I’ve found that the middle of most of my days race by with endless details, meetings, faces, and tasks in a blur. To date, all my resolutions to carve out time to actually read or reflect or pray anything longer than ‘God, help!’ have failed. My apparently clean desk is a studied sham. Behind it on the floor, beside it near the radiator, and across the room in the closet are piles of paper that mark my real failure to deal with what arrives daily by post, by email, and or congregational courier.
One of my pastoral heroes, when he was my age, scheduled appointments with the likes of Tolstoy and Melville and Milton. Without shirking his duties to preach and pray and spend time with people, he managed through these weekly appointments he worked his way through hundreds of years of great literature. And when ecclesiastical salesmen or urgent trivia pressed in, demanding a meeting, he would apologize and say he already had an appointment at 9 a.m. on Thursday. Since it is not polite to ask a pastor with whom he is meeting at 9 a.m. on Thursday, he never needed to explain that his 9 a.m. was with Fyodor Dostoevsky or John Donne or Flannery O’Connor.

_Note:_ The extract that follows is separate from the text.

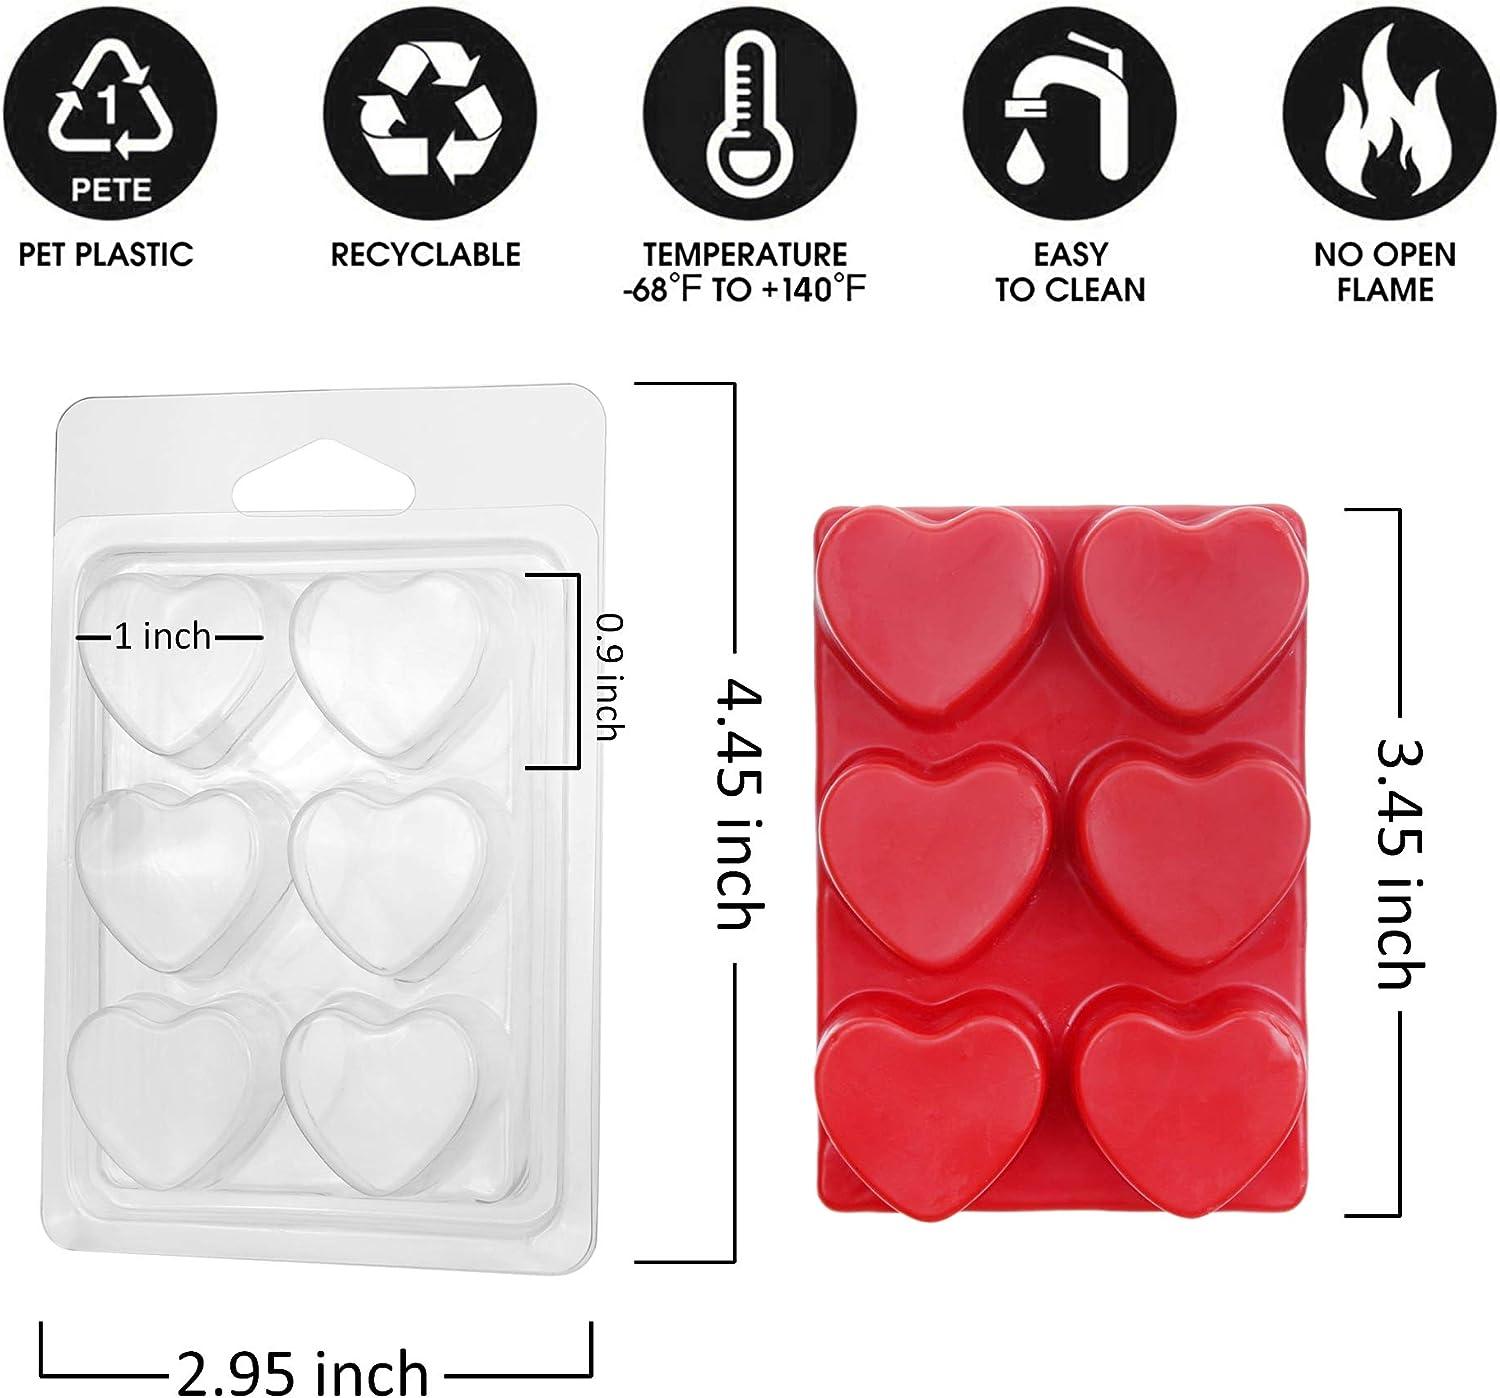  MILIVIXAY 600 Pieces Wax Melt Warning Labels Candle Warning  Labels Candle Warning Stickers for Clamshell, 1.8 x 1.5 inches

I have nearly all their books on the shelf near my desk as a distinguished backdrop for my frantic paperwork and backlog of meetings, but in fifteen years not one of those authors has received a standing appointment in my week. My ever more sophisticated technology for time management has merely moderated the urgent.
The exception has been people. I have made time for people and that I wouldn’t change. Where two or three are gathered, God does show up and for a moment the blur of triage and management comes into focus around one fearfully and wonderfully made. I love that.
Yet now I wonder if I haven’t even shortchanged them by failing to also carving out time for King David and Saint Paul. And not just David and Paul, but also Shakespeare and MFK Fisher and John McPhee.